Vertex cover is so much easier to solve for this graph over here. It would actually be solved by pre-processing alone, although both graphs have the same number of vertices. It seems like the size of the input is actually not the best way to measure how hard it is to solve an NP complete problem for that input. It seems kind of unfair to just say to this graph here--well, you're just as large as this one over here, so we're going to assume that you're just as hard to solve.

And that is why you could think of hardness, meaning how hard is a specific input to solve as a combination of 2 things. One is, I think, the size of the input, and we always measure this as a number N. But the other thing is the structure of the input. In a way, it's not larger instances are harder to solve, but in a way you could say, harder instances are harder to solve. This of course might seem like a bit nitpicking around, so the question is, is this actually useful, and the answer is yes. For some problems, you can actually express the structure of the input, and I'm soon going to show you how to do that, as a number K. And while in classical NP-completeness, so to say, you would measure hardness as some function of N. You can then measure hardness as a function of 2 parameters. One parameter is still the size of the input, and the other parameter is going to specify something about the structure of the input. Now this might sound a bit abstract, so what could this parameter be? And I'm going to show you 2 possibilities for this parameter, and we're going to discuss them in detail. One is size of the solution, and the other one is something I would call distance from triviality.
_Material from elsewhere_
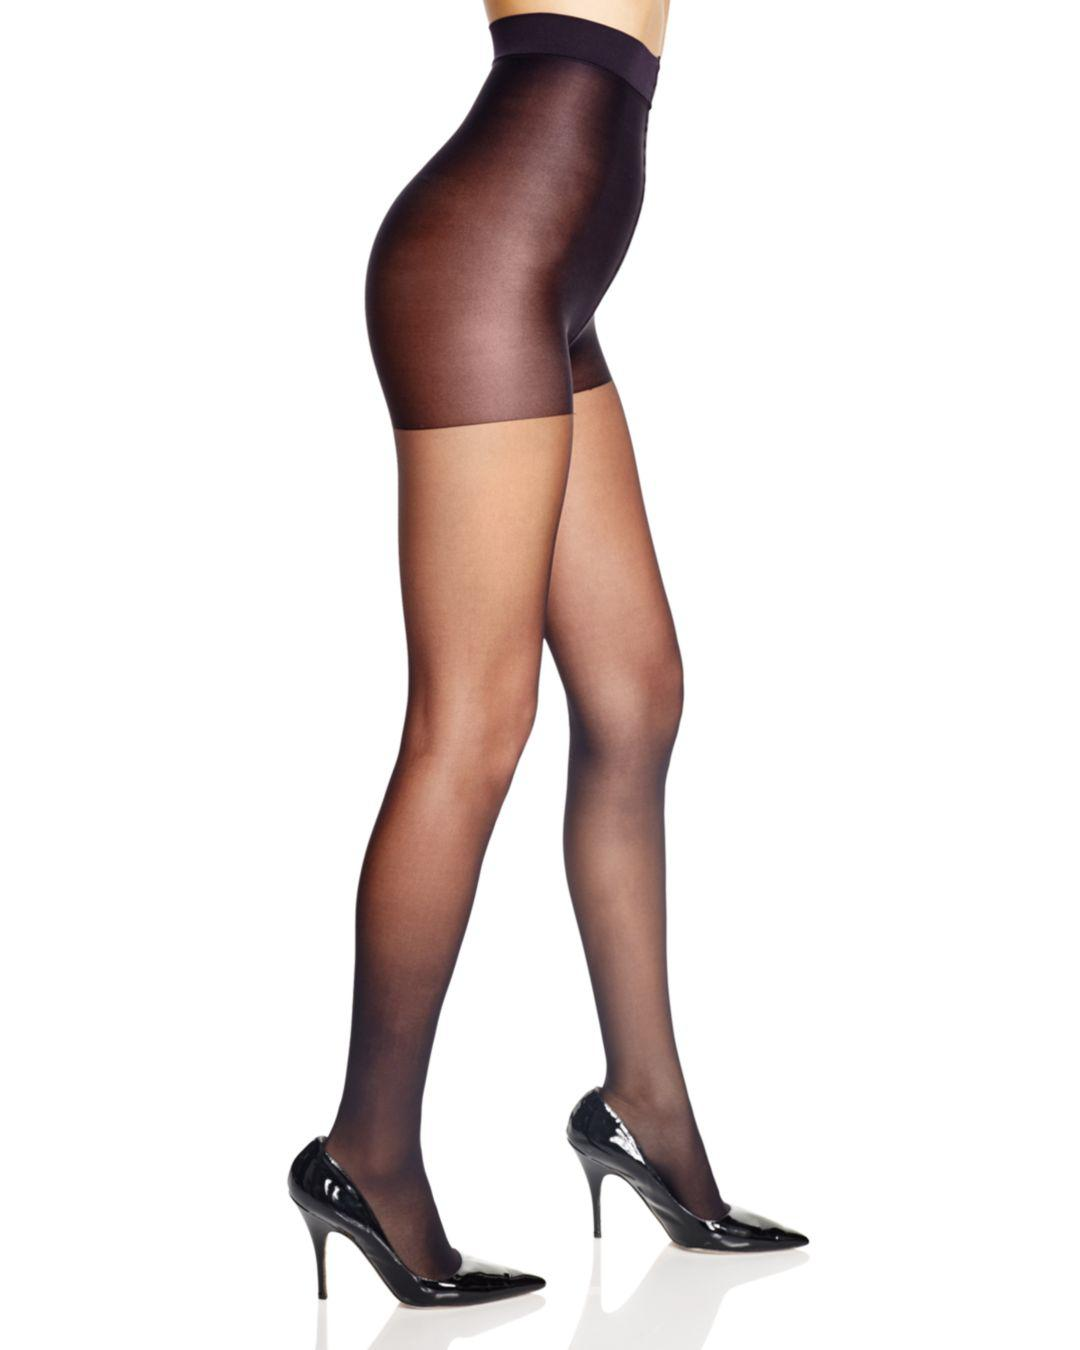 da6d2b9ec0cbc Lyst - Calvin Klein Matte Sheer Control Top Tights in Black

So for example, for the network from the last quiz, you could actually see that both parameters could tell us that finding a solution here is easy, because first of all, the solution here and optimum vertex cover is very small, you only require 1 vertex. And also, you could argue that this graph here is very trivial because all you need is a pre-processing rule to actually find the best possible solution. But again, we'll get into more detail. Let's start out with the size of the solution.

And now we already know that we can solve vertex cover using a search tree. So we started with the original graph, and I'm now going to use again the search tree where we branch into only 3 different possibilities. We know it's not the best possible one, but it will be easier to understand the rest this way, but it also works for the more complicated search trees. So then on the next level, we again branched into And we said that the search tree had a size of N half and the total number of solutions that we looked at in the search tree was 3 to the power of N half, which as you remember was about 1.734 to the power of N. Now I would like you to quickly think about the following: So as you'll remember, at each level of the search tree, we're looking at an edge where the 2 end points have not yet had an assignment, and we're branching into 3 cases, this one, this one, and this one. So now it's a very easy quiz actually. So how many vertices are added each time we go one level deeper into the tree? At least 1, at least 2, exactly 1, exactly 2, or is this something that actually depends on the structure of the input graph?

And the answer here of course is that at least one vertex is added to the potential vertex cover each time we go down here in this tree or we branched because there's only three possibilities and in this possibility here, we add one vertex, and this possibility here, we also add one vertex, and here we will add too. And of course, there then comes data reduction and all that jazz, but we're always adding at least one.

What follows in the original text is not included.